Scientists dumped seven tonnes of iron sulphate, a vital nutrient for marine plants, into the southern ocean in 2004. At least half of the heat-trapping carbon in the resulting bloom of diatoms, a type of algae, sank below 1,000 metres (3,300 ft).
"Iron-fertilised diatom blooms may sequester carbon for timescales of centuries in ocean bottom water and for longer in the sediments," the team from more than a dozen nations wrote in the journal Nature.
Burying carbon in the oceans would help the fight against climate change, caused by a build-up of carbon dioxide in the atmosphere that scientists say is raising temperatures and causing more floods, mudslides, droughts and higher sea levels.
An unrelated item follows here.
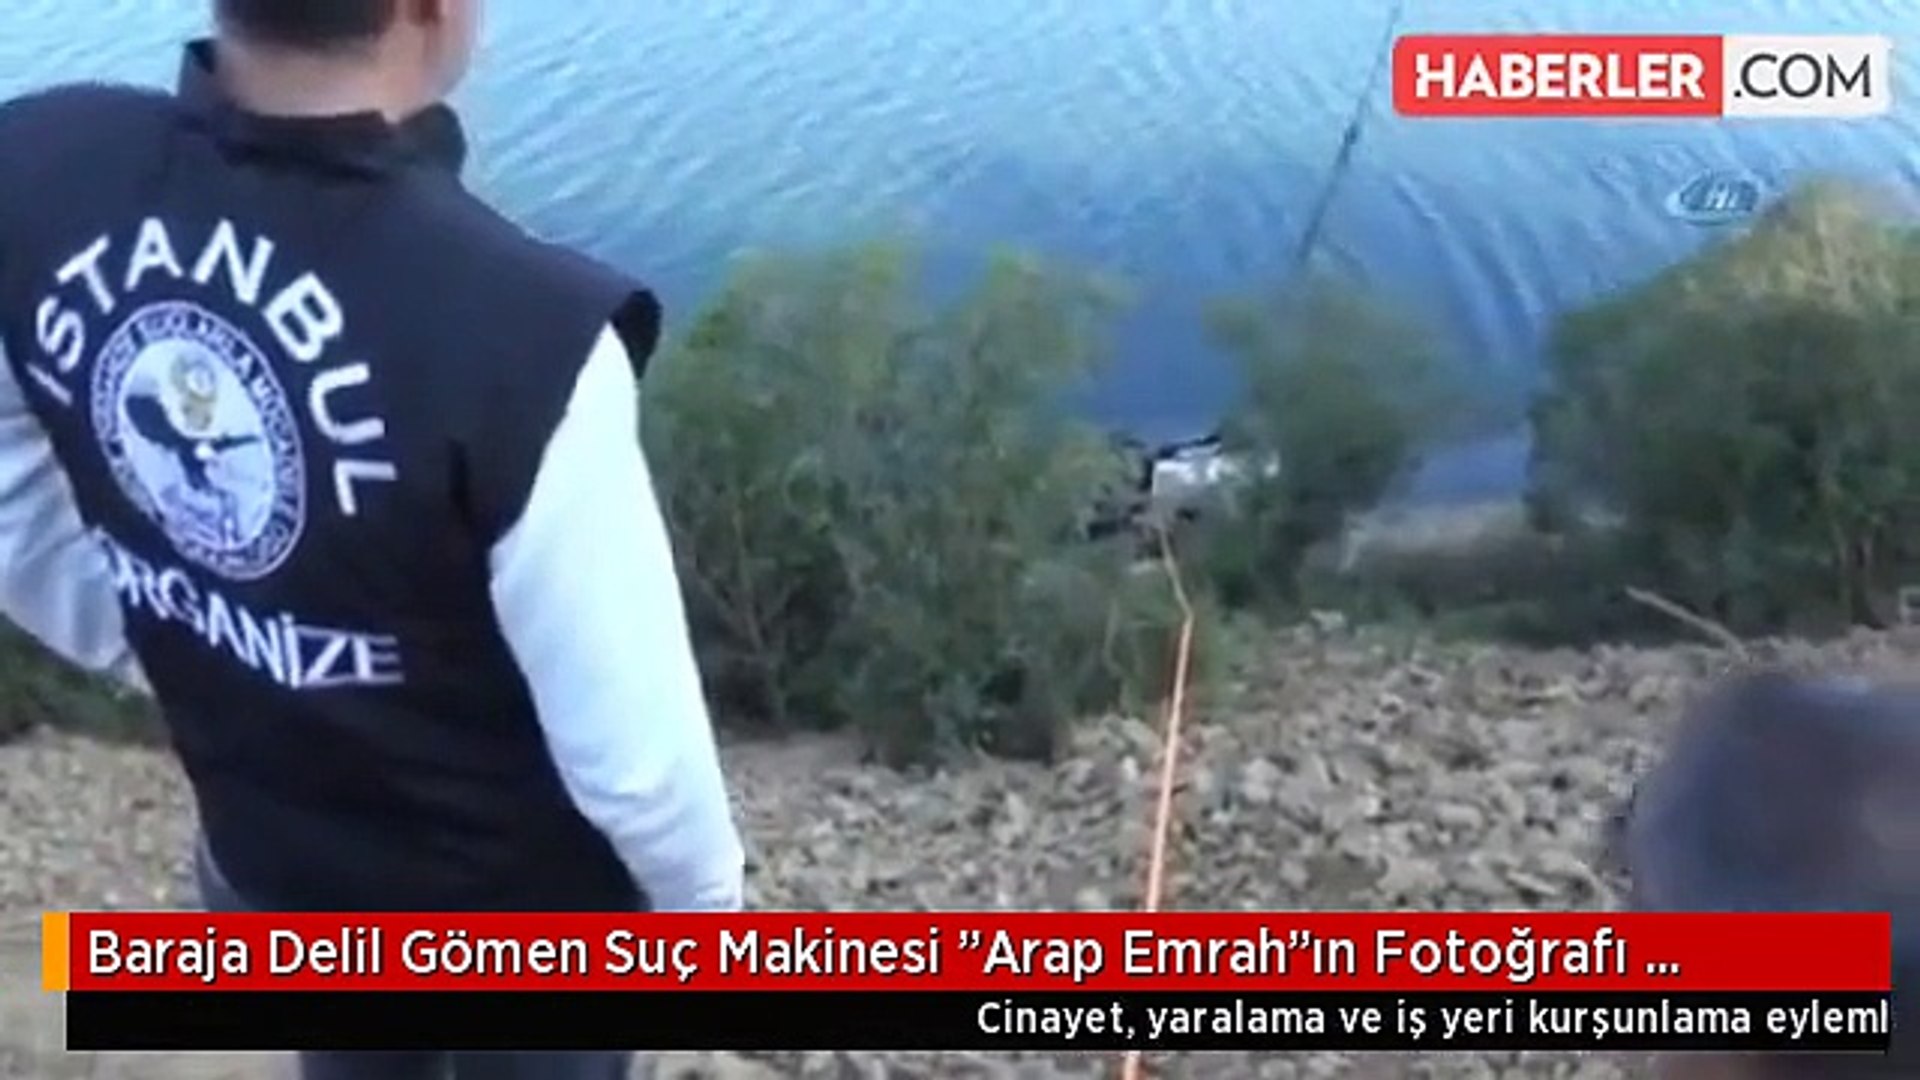 Baraja Delil Gömen Suç Makinesi "Arap Emrah"ın Fotoğrafı Ortaya Çıktı -  Dailymotion Video

The study was the first convincing evidence that carbon, absorbed by algae, can sink to the ocean bed. One doubt about ocean fertilisation has been whether the carbon stays in the upper ocean layers, where it can mix back into the air.
A dozen previous studies have shown that iron dust can help provoke blooms of algae but were inconclusive about whether it sank.
Large-scale experiments with ocean fertilisation using iron are currently banned by the international London Convention on dumping at sea because of fears about side-effects.
Heroic Technology — various geoengineering solutions have been put forward to control the climate.
Click to enlarge.
Here's the Nature abstract.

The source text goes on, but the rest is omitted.